The temporal logical proposition

The McCulloch and Pitts neuron is a logical element.  In the language used by McCulloch and Pitts, each neuron has a logical proposition that it asserts – a statement about the activity of its inputs. When it fires an action potential, the neuron asserts the truth of its logical proposition. The goal of the paper was to develop a method to express the function of each neuron in symbolic form.  They used symbolic logic to write out an equation for the function of a network of cells.

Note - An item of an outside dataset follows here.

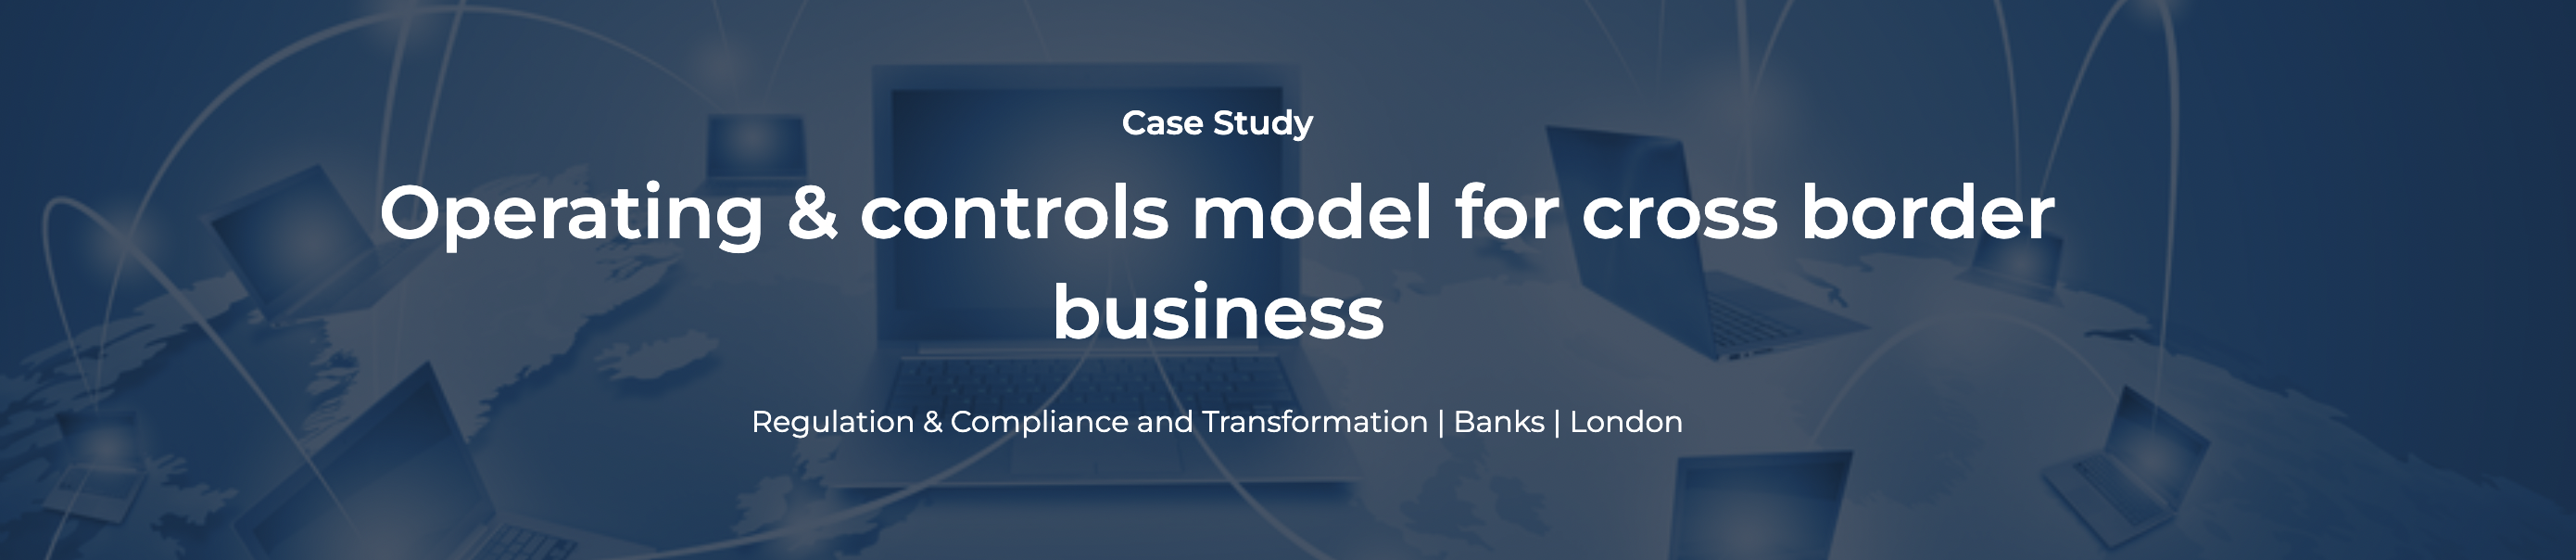 Case Study: Operating & Controls model for cross border business

The logical notation they used is the one employed by Russell and Whitehead in their classic Principia Mathematica, with modification to include the effect of time. Because of the synaptic delay, the firing of a neuron actually asserts a proposition about its pattern of activity in its inputs in the previous time slice. The result is a sequence of logical states propagating through the network in time. The sequence is represented using a logical formula they called the temporal logical proposition. McCulloch and Pitts used two notations for neuronal networks, one diagrammatic, and one using their time-specific variant of symbolic logic notation.  Their diagrammatic notation represents the neuron as an arrowhead, with the axon exiting from the base. Excitatory synapses were indicated by axon terminals apposed to the neuron, as is often done today.  Inhibitory input was drawn with the axon making a loop at the apical vertex of the cell.  They don't show any example with more than one inhibitory input, but I suppose if there were, the loops could be stacked.  Each neuron has a threshold.  In all the examples in their figure 1, the threshold is 2, meaning that the cell is active in time slice ti+1 whenever two or more of its excitatory inputs are active in time slice ti.  If an afferent makes two synapses on a neuron, then it can activate the cell on its own.  If it makes only 1, it must cooperate with at least one other afferent.  Activation of neuron 1 in time slice t is indicated as N1(t). Thus if there are only two excitatory afferents (1 and  2), each making one synapse on a neuron, the cell will detect the conjunction of its inputs. In symbolic notation, conjunction is indicated with a decimal point, as N1(t).N2(t).  If the two inputs each make two synapses on the postsynaptic cell, then it will be activated in time t+1 by the disjunction, when either 1 or 2 is activated at time t, indicated as N1(t) v N2(t).  If there is an inhibitory input from afferent 3, then the cell is only eligible to fire when 3 is not active, indicated as ~N3(t).